This well-known Greek sauce is one of those recipes I’ve been meaning to put up on my site for ages and ages and just kept forgetting to do it. This year I’m really trying to get to posting all those recipes I make often but are the meal “extras” and not the “main attraction”. This is typical condiment with Greek grilled kebabs and koftas or Greek Baked Chicken. It’s also great with seafood croquettes and on shawarma wrap sandwiches. I’ve even used this on cucumber-tomato salads as a dressing! It’s ever so simple to make, too!
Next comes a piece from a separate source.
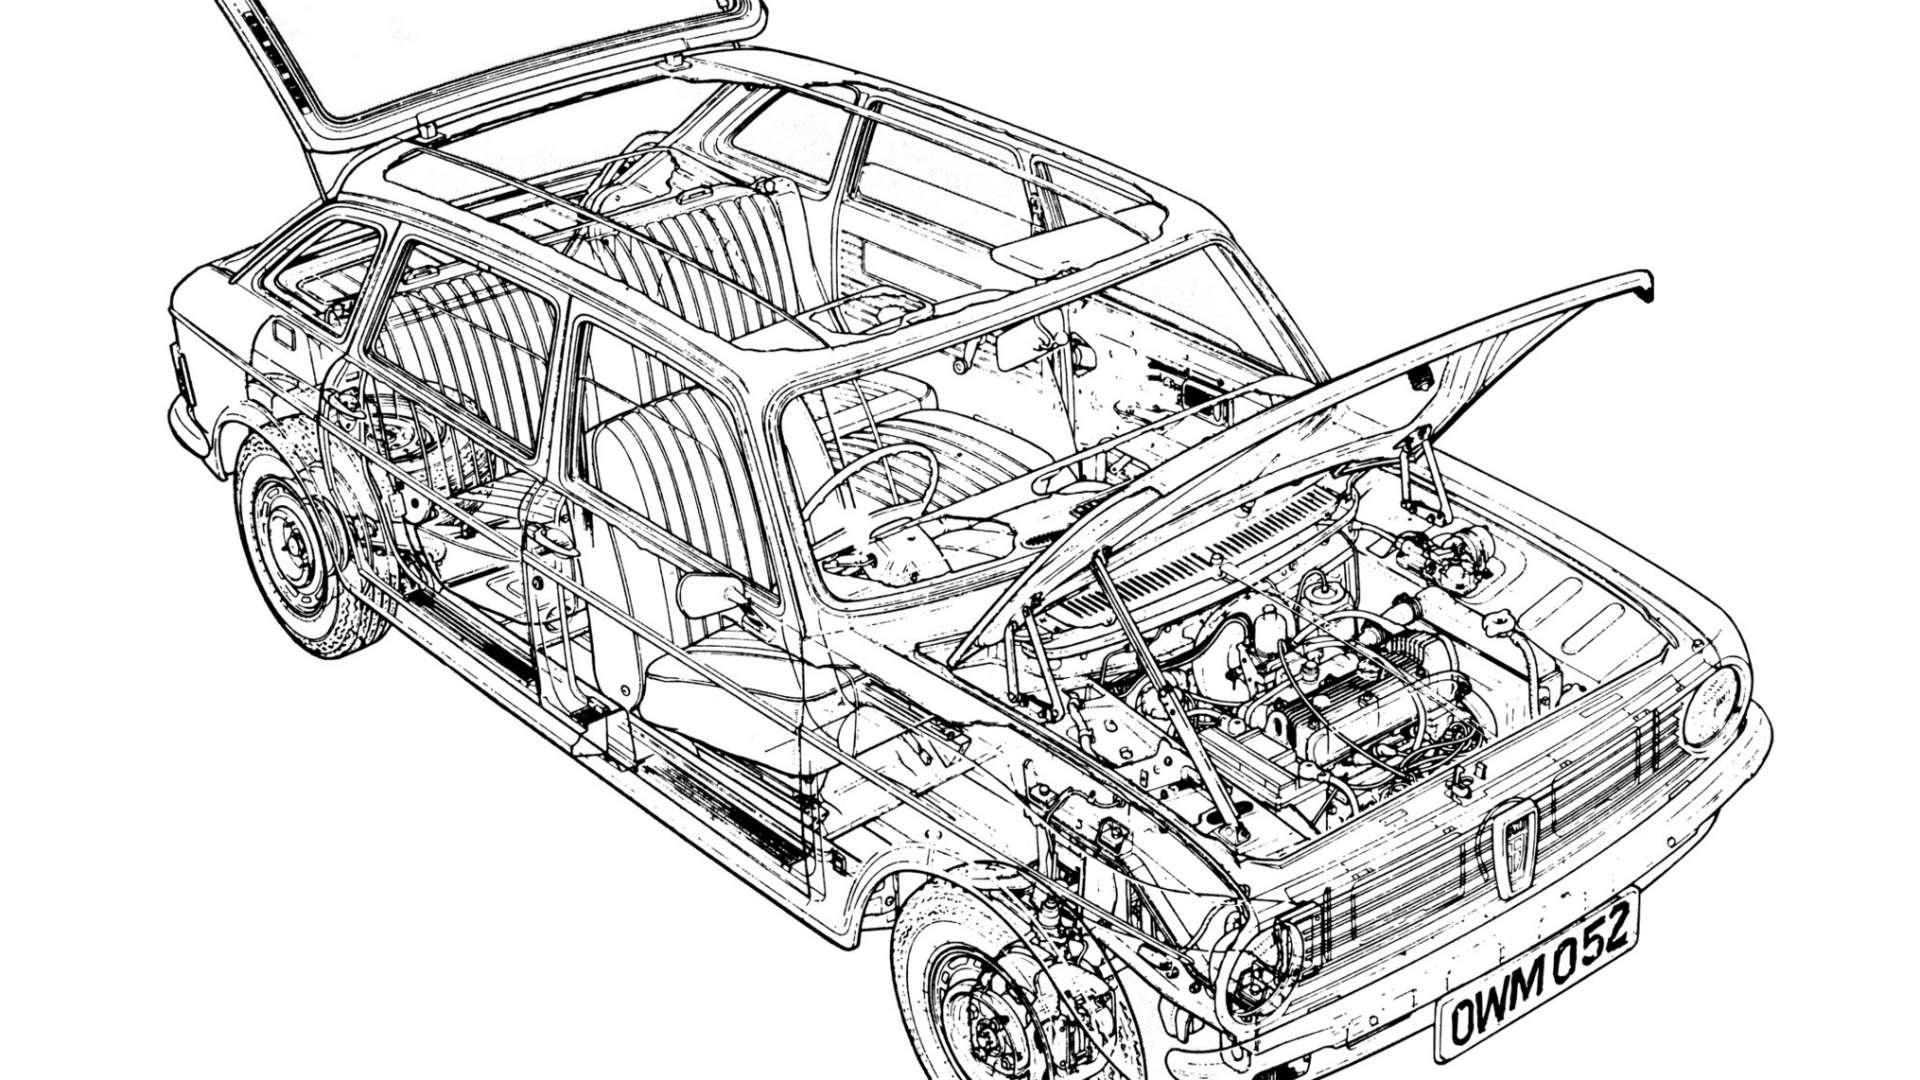 Austin Maxi cutaway

Be sure to squeeze out as much water from your grated cucumber as you can before combining all the ingredients or else it will bleed out its water into the sauce and really weaken the flavor and spoil the appearance. This recipe is not suitable for Induction due to the yogurt, but you could make it with all sour cream and enjoy 2-3 Tbsp. This sauce is suitable for other Keto diets and Primal Blueprint (occasionally), but not at all Paleo approved.
1 large 8-9″ cucumber, peeled, seeded and grated
1 c. drained or Greek yogurt, or half yogurt and half sour cream (my personal preference), or all sour cream (for lower carbs)
1 clove garlic, minced
1 T. yellow onion, minced finely
½ tsp. dried dill weed (or 2 sprigs fresh, chopped)
½ tsp. dried mint (or 1 T. fresh, chopped fine)
Dash each salt and black pepper
DIRECTIONS: At least 1 hour before serving, peel the cucumber. Cut in half and seed with a spoon. Grate the cucumber onto paper toweling double thick or a clean cotton kitchen towel (not terry cloth, please). Blot or wrap and squeeze to remove water. Repeat with fresh paper towels as there will be more water! Get as much water out as you can. Add cucumber to a medium bowl. Add all remaining ingredients and stir well. Cover and chill until ready to serve.
NUTRITIONAL INFO: Makes about 2 cups or 4 servings (perhaps more depending on how much people eat). 1/4 of the batch contains:
8.1 g fat
4.6 g carbs, .8 g fiber, 3.8 g NET CARBS
3.2 g. protein
110 mg sodium
290 mg potassium
<10% all macronutrients.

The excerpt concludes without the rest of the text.